The main takeaway I get from the FB results is that revenue is up, $5.1bn for 2012 compared to $3.7bn for 2011, but it's costing them a lot more to get that revenue; costs of $4.5bn were much greater than $2bn last year. From the breakdown, cost of revenue was proportionately slightly down, but marketing + sales and "general admin" way more than doubled from 2011 to 2012, and R+D at $1.3bn was up by a factor of 3.6, which is huge. What does Facebook buy with its R+D money? It's talent - this is almost certainly mostly compensation: salaries and share allocations. Share-based compensation expense in R+D jumped from $114mm to $843mm.

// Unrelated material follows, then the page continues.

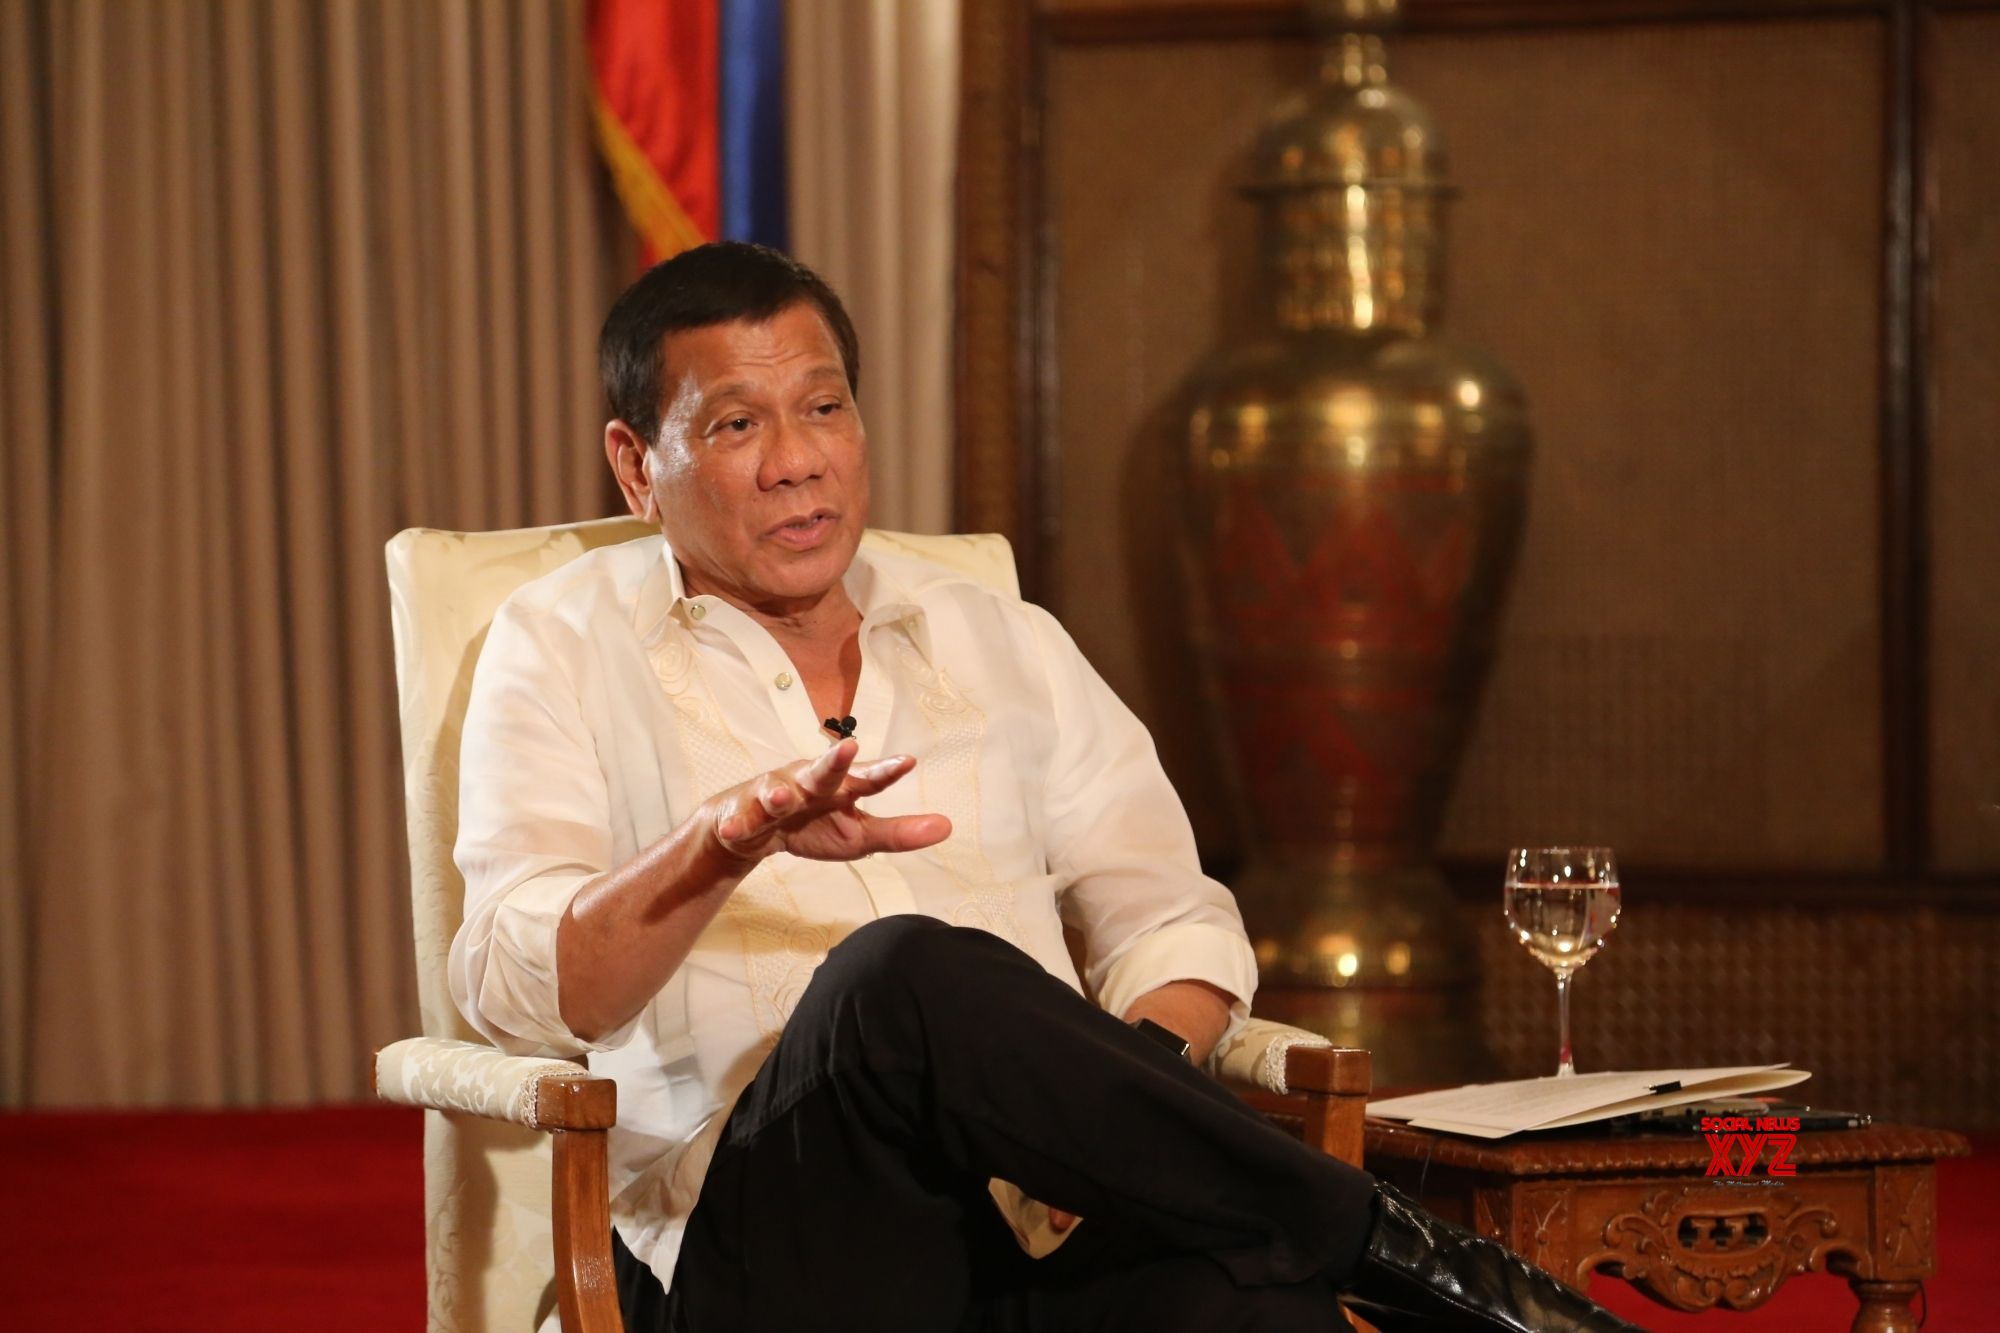 Useless, critical Catholic bishops should be killed: Duterte

They've doubtless got a lot more engineers, and they're having to pay them well in a thriving Silicon Valley market. Zuckerberg announced on the earnings call that FB intends to hire more engineers in 2013 and in 2012 added 1,419 employees to the previous 3,200 employees; nearly 50% growth already. If you're paying your average engineer $200K in salary and benefits, which seems low for Bay Area salaries, that's $280 million you've just added to your annual payroll. And the problem with adding a lot of employees is that it's a recurring cost - you can't easily shrink wages, and if you start to fire significant numbers of them then you're going to alarm the markets.

Something else I find interesting for its absence is information on how much FB is spending on building and running its data centers. Reasonably solid estimates based on power usage placed them at 180,000 servers in mid-2012, up sharply from an estimated 30,000 in 2009. That's still a lot less than Google's estimated 1 million (based on the same methodology) but it must be a serious draw in power and maintenance, not to mention capital expenditure. From a first glance through the figures though, it doesn't look like they're now spending a lot of money in that area. If you figure a single server costs you $1500 (guess) and you put, say, 20,000 in a building (I don't know if FB has 9 data centers but that sounds about right) then that's $30 million on servers plus probably twice that in associated infrastructure (say, a round $100 million per data center) and you figure on writing off that cost over 5 years, that's $180 million per year for the nine data centers.

I can understand FB putting all this money into obtaining talent - they want to find the next big thing, monetise mobile, find new markets. To keep their shareholders happy, however, they're going to need to show some impressive results fairly soon. This is not the dot.com boom any more. On the other hand, they have 600 million users using FB in some way every day; quantity has a quality all of its own.

This, obviously, is not investment advice. I have no idea what I'm doing. You'd be mad to pay any attention to me. Do your own diligence, seek out a paid professional, etc.